Subversion (from the Latin word subvertere, ‘overthrow’) refers to a process by which the values and principles of a system in place are contradicted or reversed, in an attempt to transform the established social order and its structures of power, authority, hierarchy, and social norms. Subversion can be described as an attack on the public morale; while it is generally used to describe political + bureaucratic events, it also has a historical meaning in the United States’ approach to food production + distribution.

Centralized food systems came into power almost immediately after World War II. Black Indigenous, Afro-Americans, and Native Americans had largely stewarded a significant portion of the food supply. They were replaced by a system created by a few private wartime conglomerates who turned themselves into agricultural operations, removing centuries-old regenerative practices to install the current synthesized chemical, petroleum, soy, and gmo-based practices still imposed today.

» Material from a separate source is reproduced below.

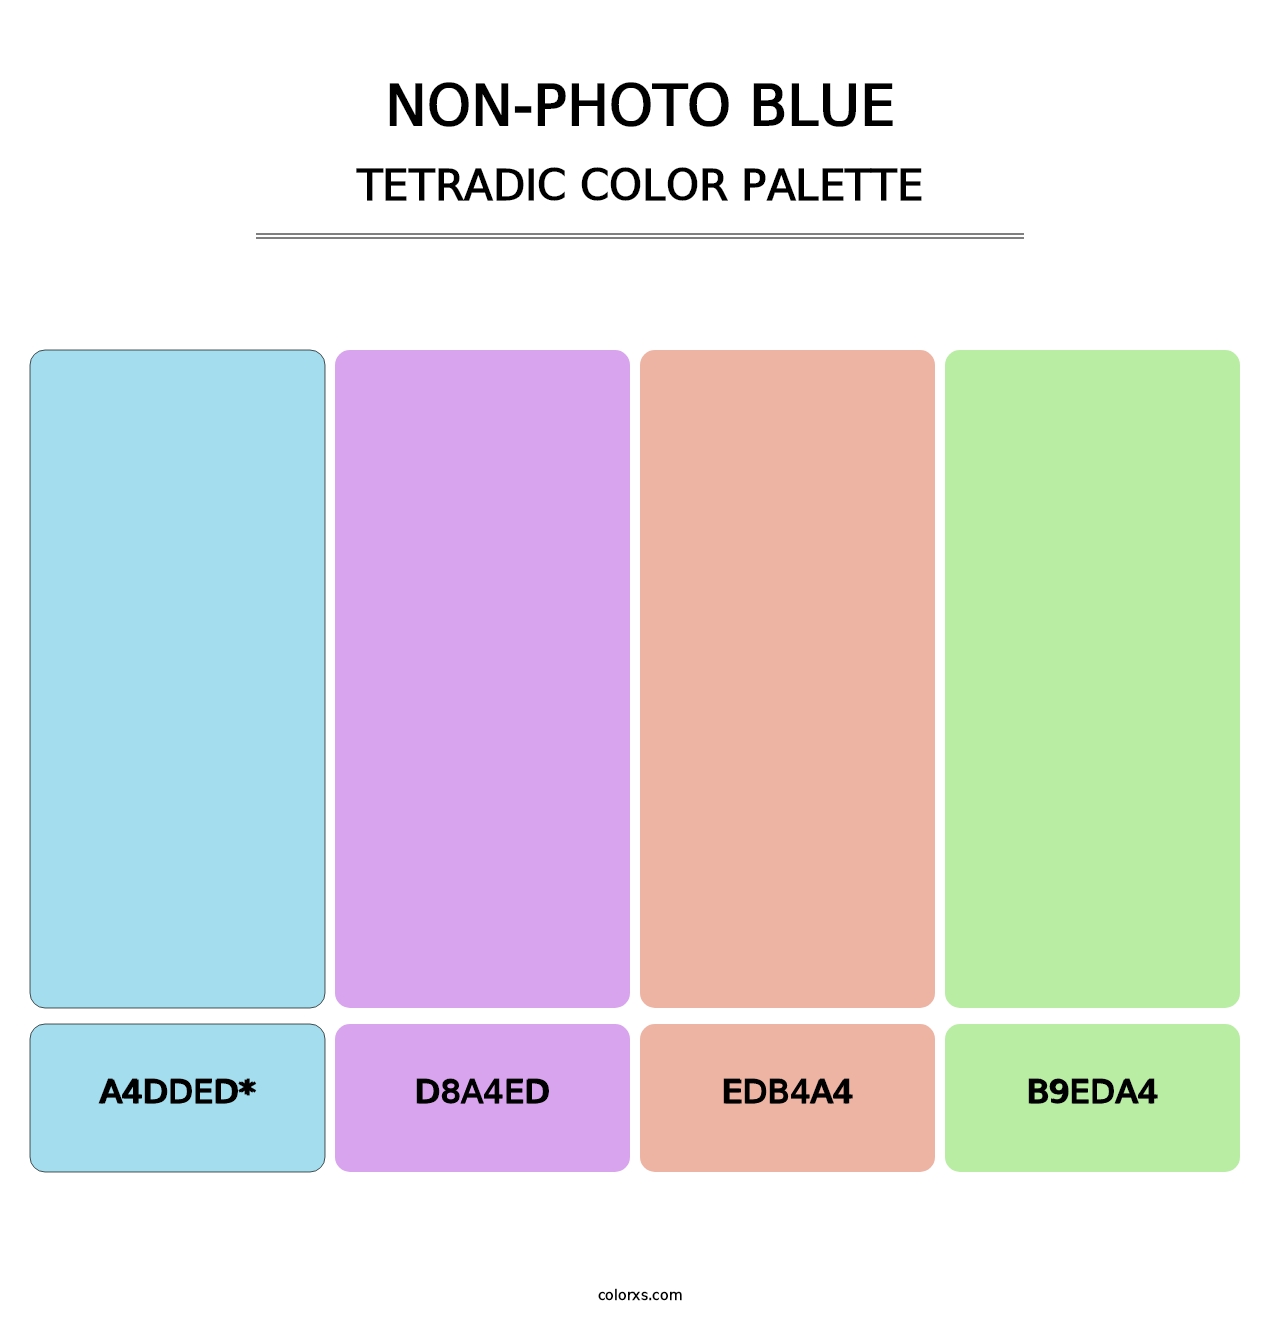 Non-photo Blue - Tetradic Color Palette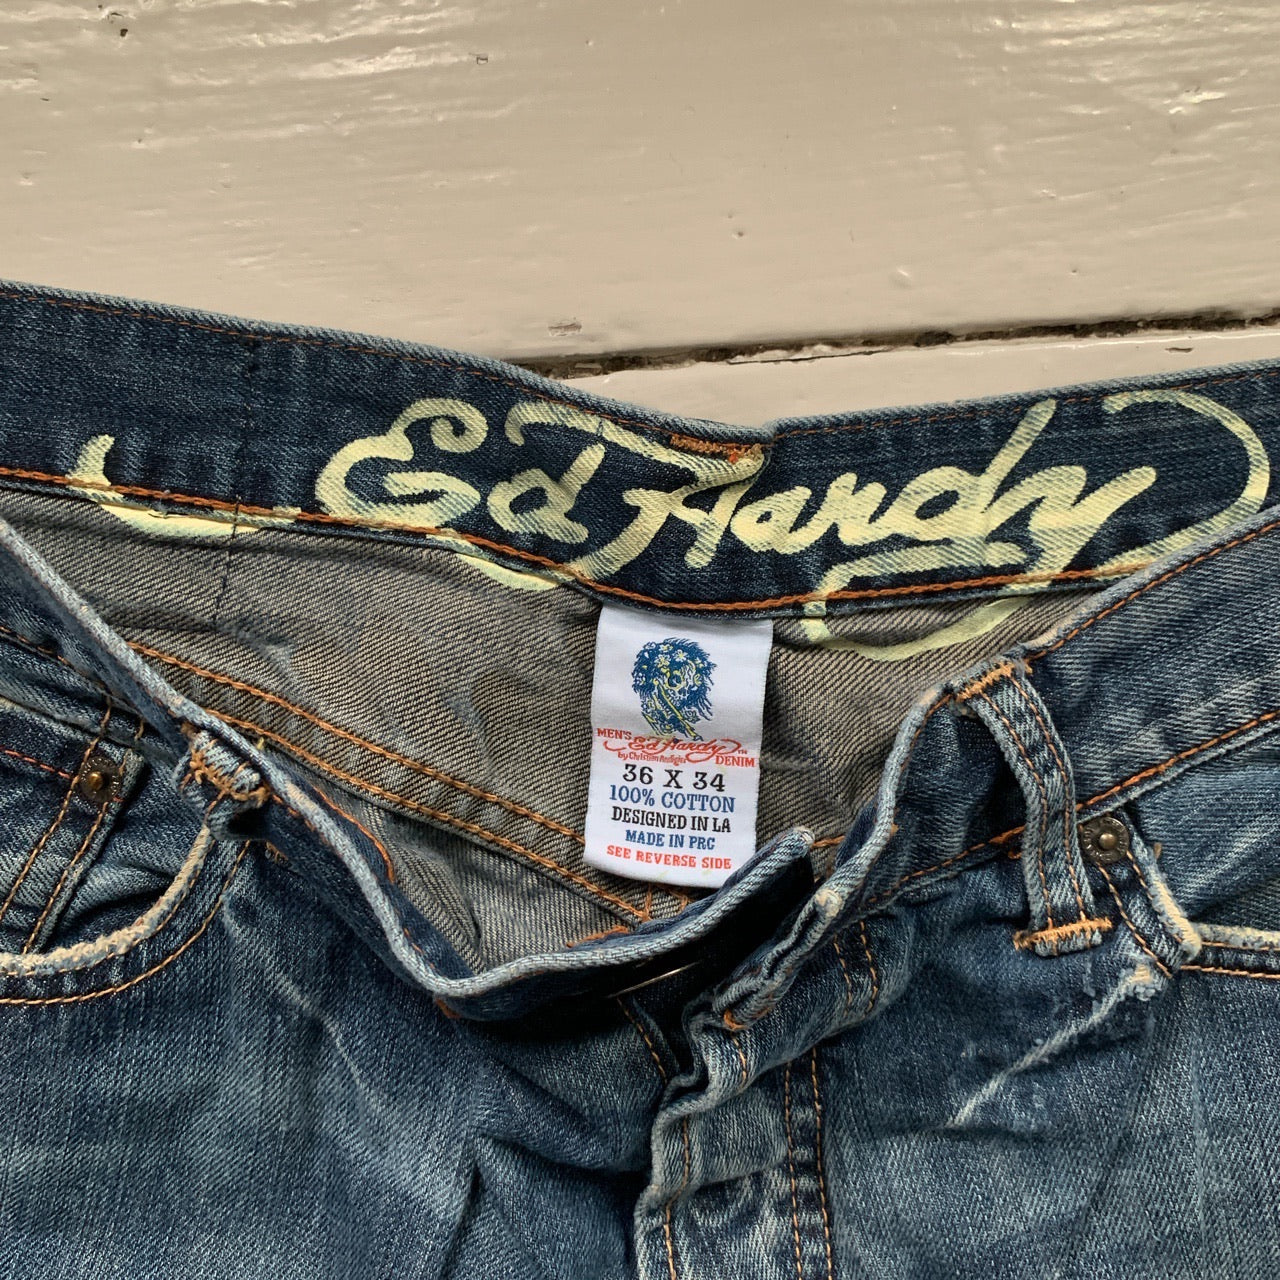 Ed Hardy Love Kills Slowly Jeans (36/34)

They began with blatant propaganda films (shown in theaters before the main feature, and later in general TV programming) with “farm of the future” type themes, easily influencing the dominant population into accepting and embracing a culture of chemical treatments in their small farms, communities, and home gardens.


The Chicken of Tomorrow, 1948
This short documentary was created to show poultry farmers the progress made in a three-year program to “build a better chicken” via petroleum-based products.
(https://archive.org/details/Chickeno1948)

Protect Poultry Profits, 1952
A film on how pharmaceuticals could be used to treat diseases in chickens.(https://archive.org/details/0148_Protecting_Poultry_Profits)

Beginning of the End, 1957
This b-movie drama features a journalist who tries to get the scoop on giant grasshoppers accidentally created at a university’s experimental farm, despite a military coverup.
(https://archive.org/details/BeginningoftheEnd_201509)


Result: Over 70 years after the wartime conglomerates’ campaign, industrial agriculture systems have completely degraded soil health: insecticides + herbicides have created a super-weeds epidemic at every scale and drastically reduced the pollinator population, and fertilizer + waste runoff spawned widespread aquatic dead zones.